EXERCISE: Reproduce only the lines of the material below that start at the line containing "Composição de aminoácidos" and stop at the line containing "Le Français Arnaud". Keep both end lines.

STORED DATA:
::::
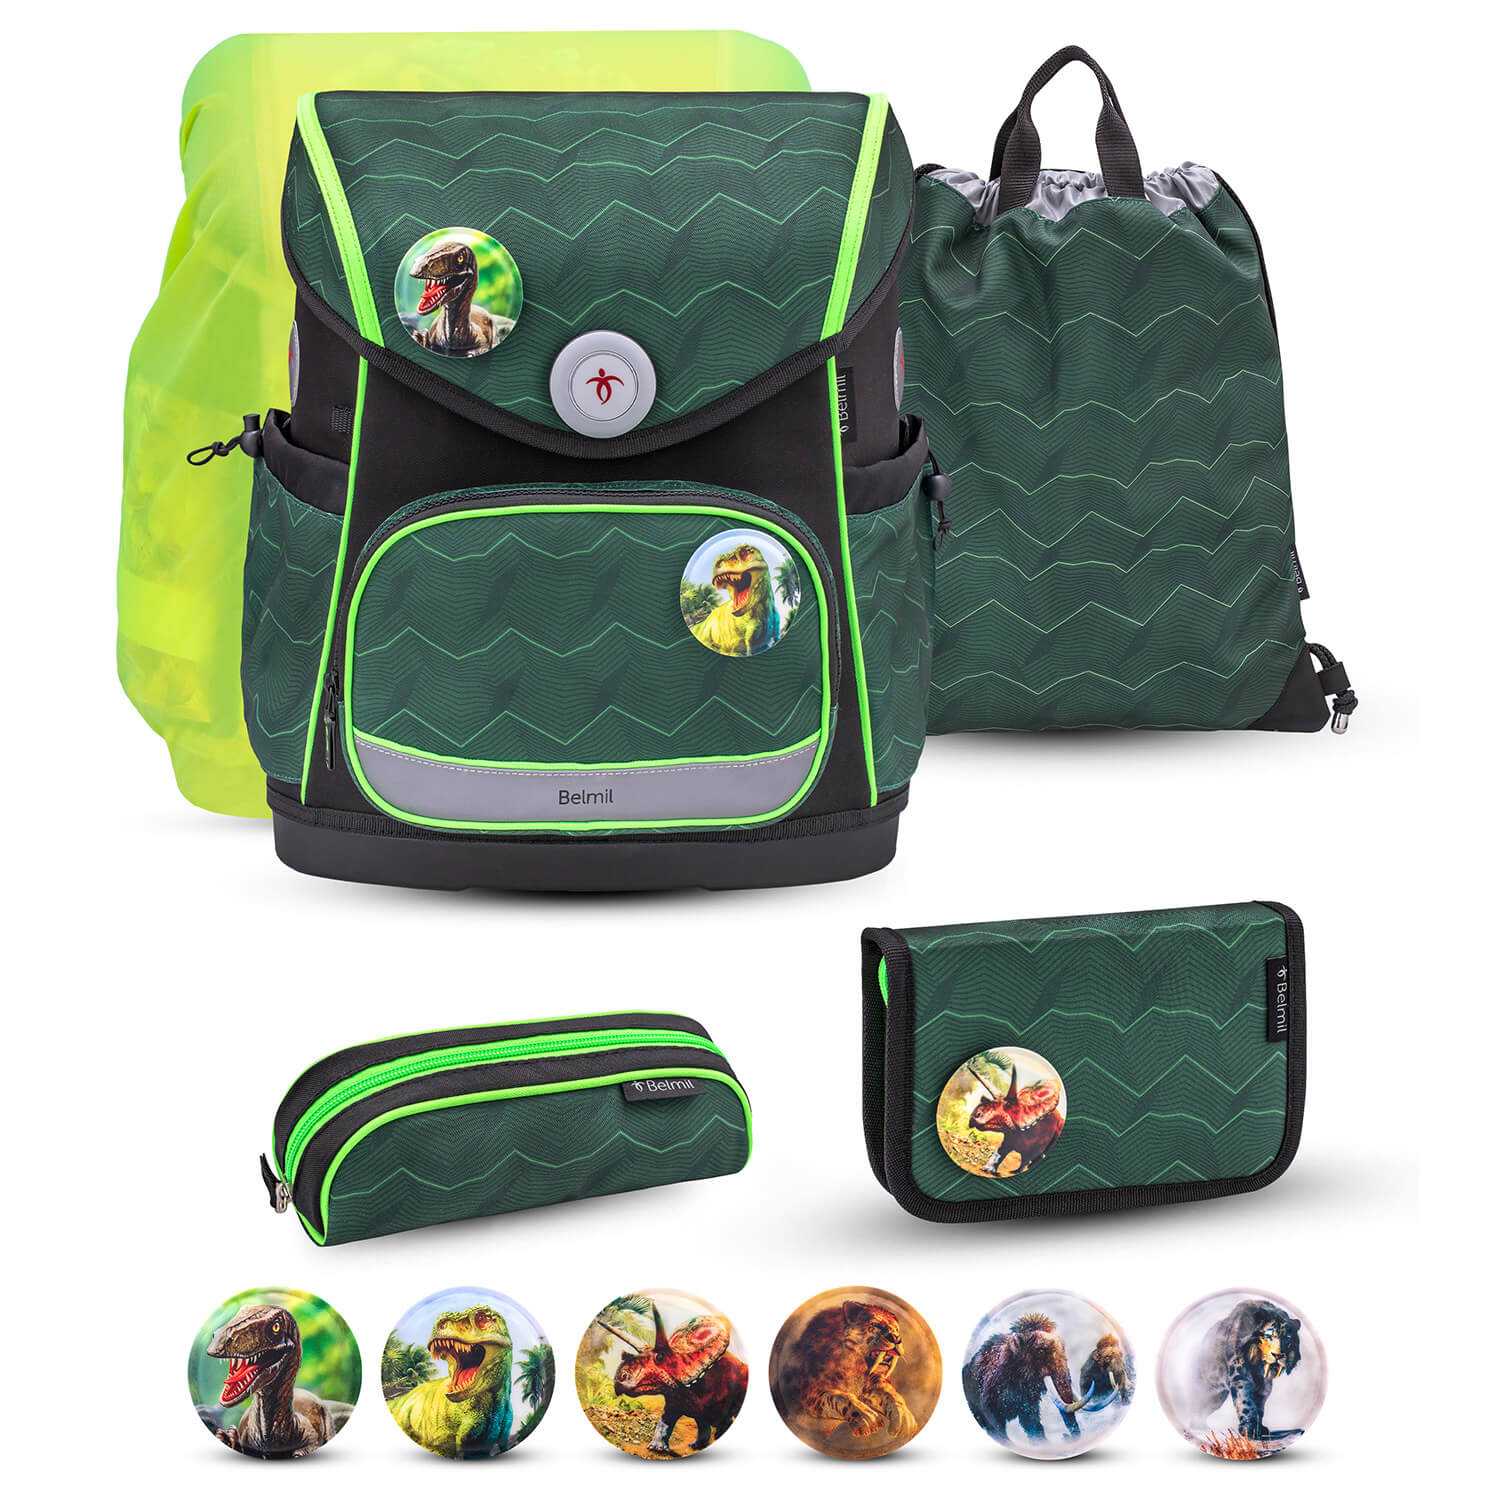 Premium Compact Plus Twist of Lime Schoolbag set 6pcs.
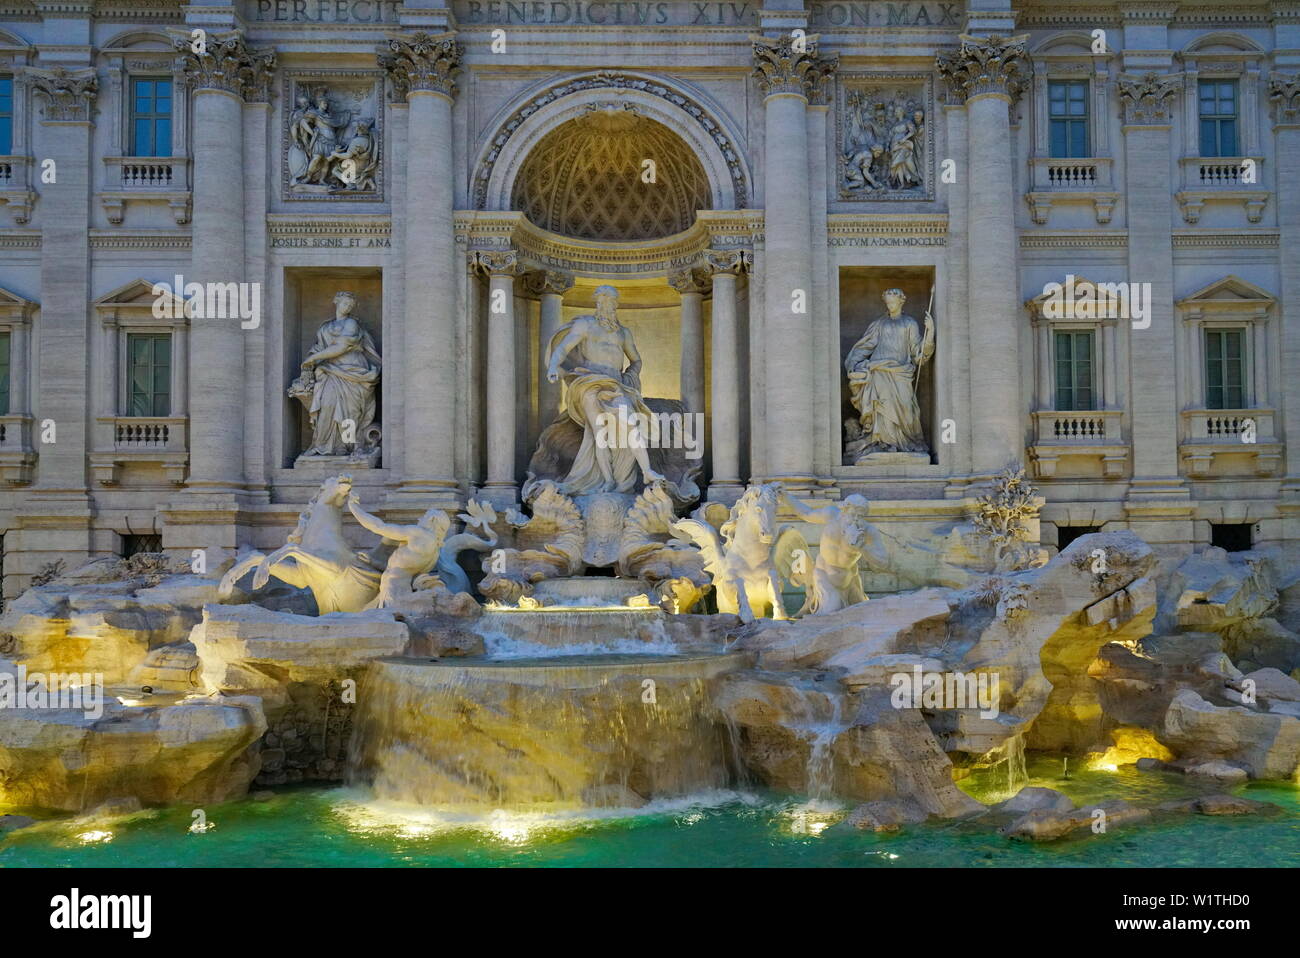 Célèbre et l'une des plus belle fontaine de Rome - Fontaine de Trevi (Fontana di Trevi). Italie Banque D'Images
::::
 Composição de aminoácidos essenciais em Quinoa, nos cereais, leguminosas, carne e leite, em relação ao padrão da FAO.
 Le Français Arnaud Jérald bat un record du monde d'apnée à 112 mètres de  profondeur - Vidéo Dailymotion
::::
EXERCISE RESULT:
 Composição de aminoácidos essenciais em Quinoa, nos cereais, leguminosas, carne e leite, em relação ao padrão da FAO.
 Le Français Arnaud Jérald bat un record du monde d'apnée à 112 mètres de  profondeur - Vidéo Dailymotion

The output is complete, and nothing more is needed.